It wasn’t there before, but you can assign multiple certs to a front end now,
and it works as you expect (tested with SSLLabs.com).

Great, thanks! :)

------
theptip
The key thing here for my use-case is this point (which took a lot of digging
to uncover when I last dove into this a year or so ago):

> Data in transit inside a physical boundary controlled by or on behalf of
> Google is generally authenticated but not necessarily encrypted.

Previously I believe this was not explicitly called out, but this is very
important for GKE! In the default configuration, Kubernetes can arbitrarily
bounce Service traffic between nodes, since the cloud LB selects a node at
random, and then the Service iptables rules redirect the traffic to a node
which hosts a pod that backs the Service.

So if your regulatory environment (or SLA) requires end-to-end encryption, you
are not covered using GKE out of the box.

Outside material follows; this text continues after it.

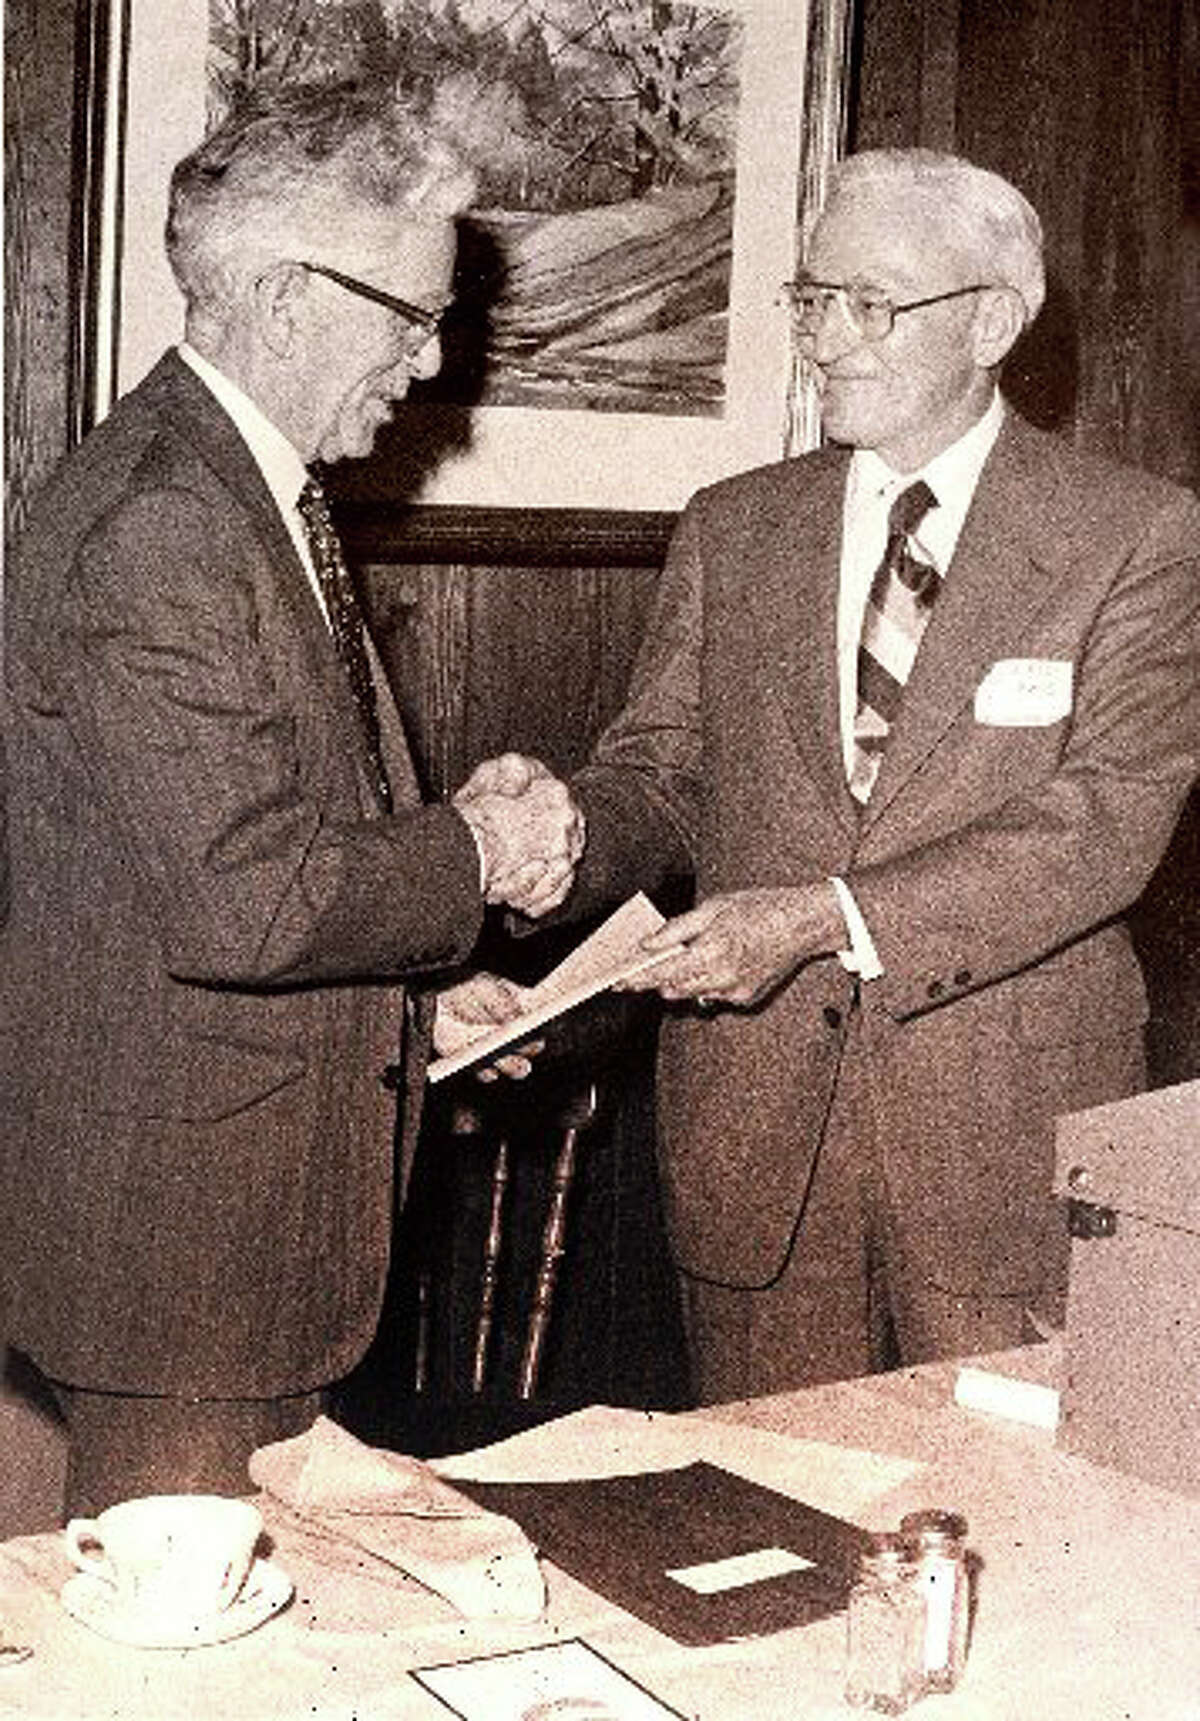 First Selectman John Sullivan receives the deed for open space given to the town by GE, from GE's Robert Lewis. The 1974 acquisition became known as the Cascades at the Lake Mohegan open space.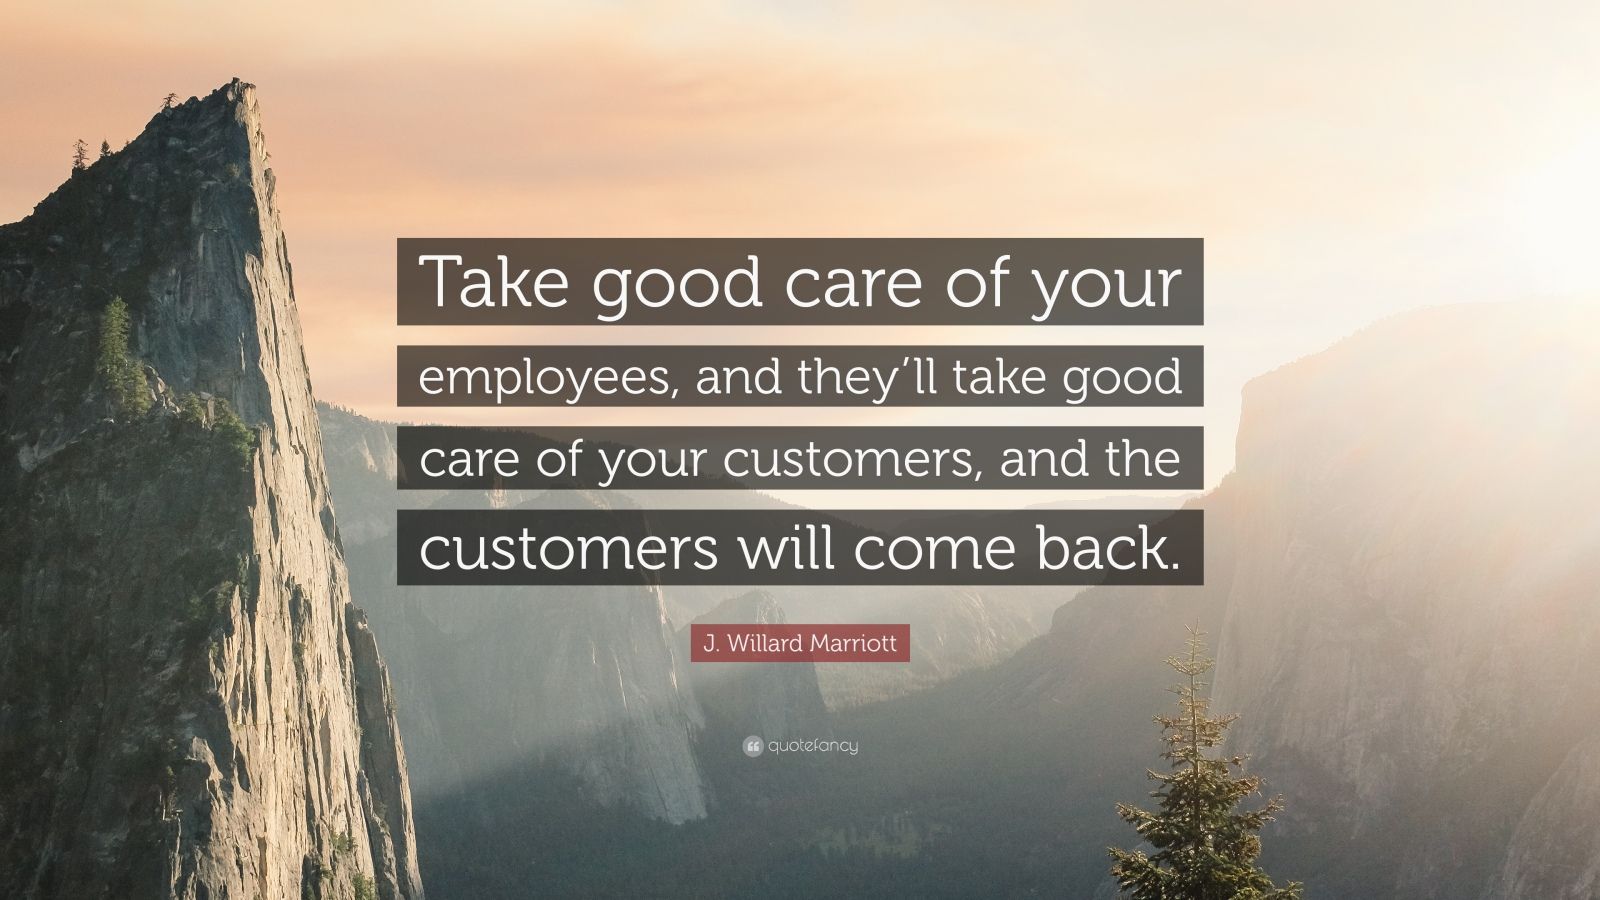 J. Willard Marriott Quote: “Take good care of your employees, and they

Options I've found to resolve this:

1) TLS to-the-pod

2) Using source-IP-address-preservation to ensure that the Service doesn't
reroute your traffic to another node.

I'd really prefer if Google made this limitation a bit clearer in their GKE
docs, since it's a major security gotcha, and took me a lot of digging to
piece together. But it's definitely a big step forwards that the encryption
policy is spelled out explicitly here.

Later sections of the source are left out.